Aber »gehen« soll es auch musikalisch. Da müssen sich Partner finden, sollten Interpretationen schlüssig sein. Diese Gratwanderung ist am Sonnabend zumindest in der ersten Konzerthälfte gelungen. Mit der »Fidelio«-Ouvertüre (am Sonntag folgten »Egmont« und »Die Geschöpfe des Prometheus«) begann Michael Sanderling seine Feinarbeit, die darauf ausgerichtet war, Details hörbar zu gestalten, freizukitzeln, wie den Dialog zwischen Horn und Klarinette. Mit luzidem Streicherklang nahm die Philharmonie Fahrt auf, gestaltete die Ouvertüre als spannungssteigerndes Eingangsstück.
Mit dem dritten Klavierkonzert (Sonntag: vier und fünf) in c-Moll führte Michael Sanderling diese Lesart fort. Freddy Kempf begann das Werk sorgsam und mit angemessen wenig Pedal, tupfte die Themen des Klavieres sanft in den Raum, bevor er sein Instrument mit dem Orchester verschmelzen ließ. Die Kadenz des ersten Satzes spielte er mit Schicksalsschlägen, vermied aber Phrasen, beließ den Mittelteil als lyrische Träumerei.
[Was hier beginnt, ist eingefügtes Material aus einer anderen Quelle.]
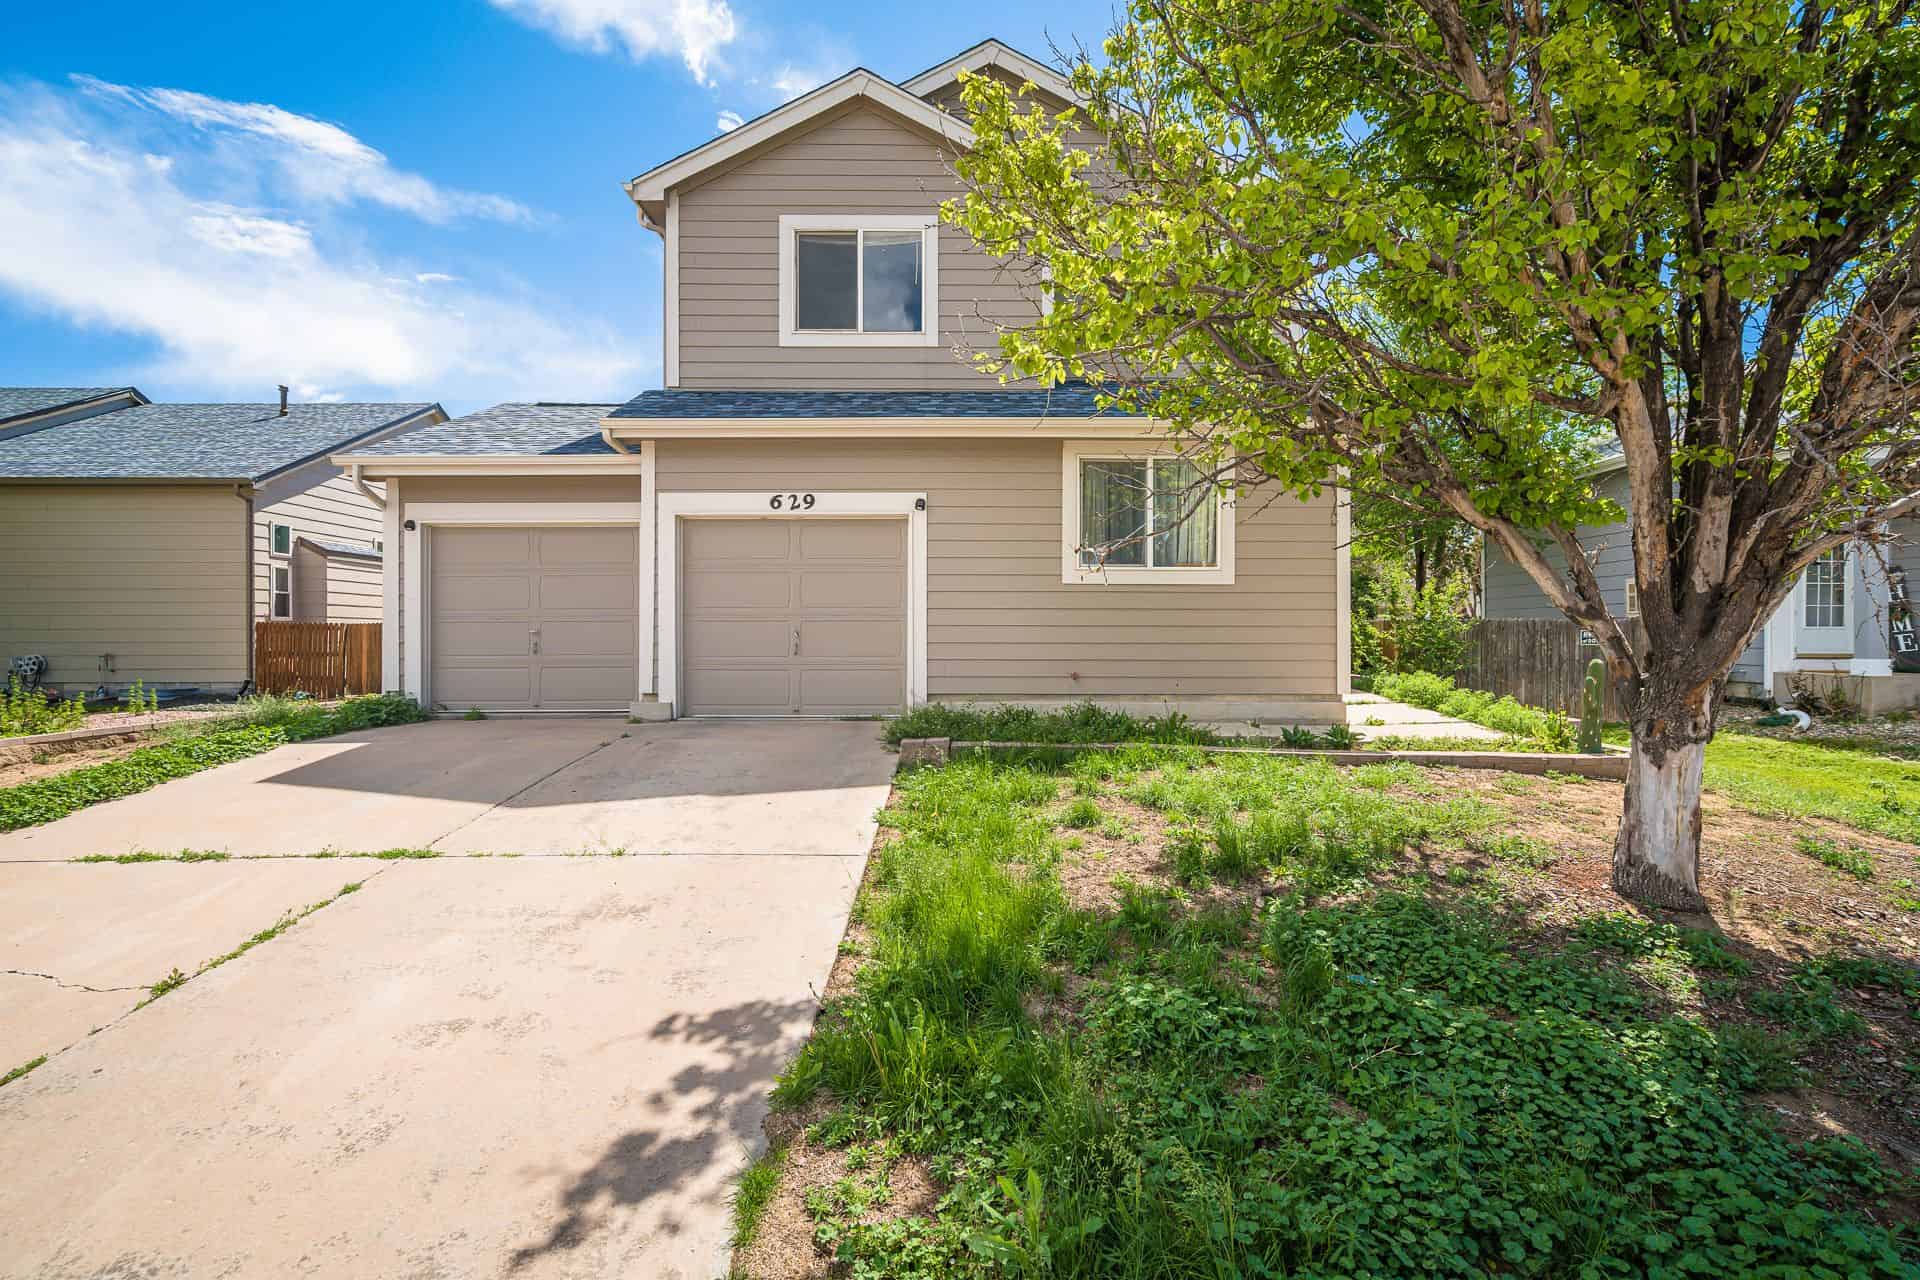 2-Story Home Minutes to Fort Carson

Das Largo gestalteten Michael Sanderling und Freddy Kempf voll sanfter Poesie. Für Gänsehaut sorgten nicht nur silbrige Soli, die aus dem Orchester purzelten, sondern auch der Klang, wenn sich tiefe Streicher und Hörner so wunderbar verbanden wie im zweiten Satz. Auch im dritten dann, rasch angeschlossen, schimmerten Schicksalsmotive, doch kann der Satz einen heiteren, zukunftsfrohen Inhalt nicht verbergen. Michael Sanderling betonte dies, zog das Tempo an und bereitete einen wahren Triumpf-Schluß. Für seine hinsichtlich der Abstufung Ausdruckskraft wie Nachdenklichkeit ausgewogene Interpretation wurde Freddy Kempf, der hier zum ersten Mal spielte, mit viel Applaus bedacht, für den er sich – noch einmal in c-Moll – mit dem Adagio cantabile aus Beethovens Klaviersonate Nr. 8 bedankte.
Und nach der Pause dann die fünfte Sinfonie (am Sonntag: sechs und sieben), deren erste Takte zu den bekanntesten und mit Sinn und Deutung beladendsten (belastetsten) der Musikgeschichte gehören. Ausgerechnet dieses Werk trübte den Eindruck des Konzertes – trotz aller Detailfreude. Den magischen Beginn nahm Michael Sanderling so kurz – ob es dem Kampf mit der Akustik oder der Vermeidung von Pathos zuzurechnen war – es ist ein abgebrochenes Schicksal gewesen, auch wackelte es hier und da leicht im Blech. Zu entdecken gab es trotzdem viel, wie einen mit dunklen Streichern schön gefärbten dritten Satz oder famos vibrierende Violen im Finale. Dennoch – es fehlte dem Stück am »Guß«.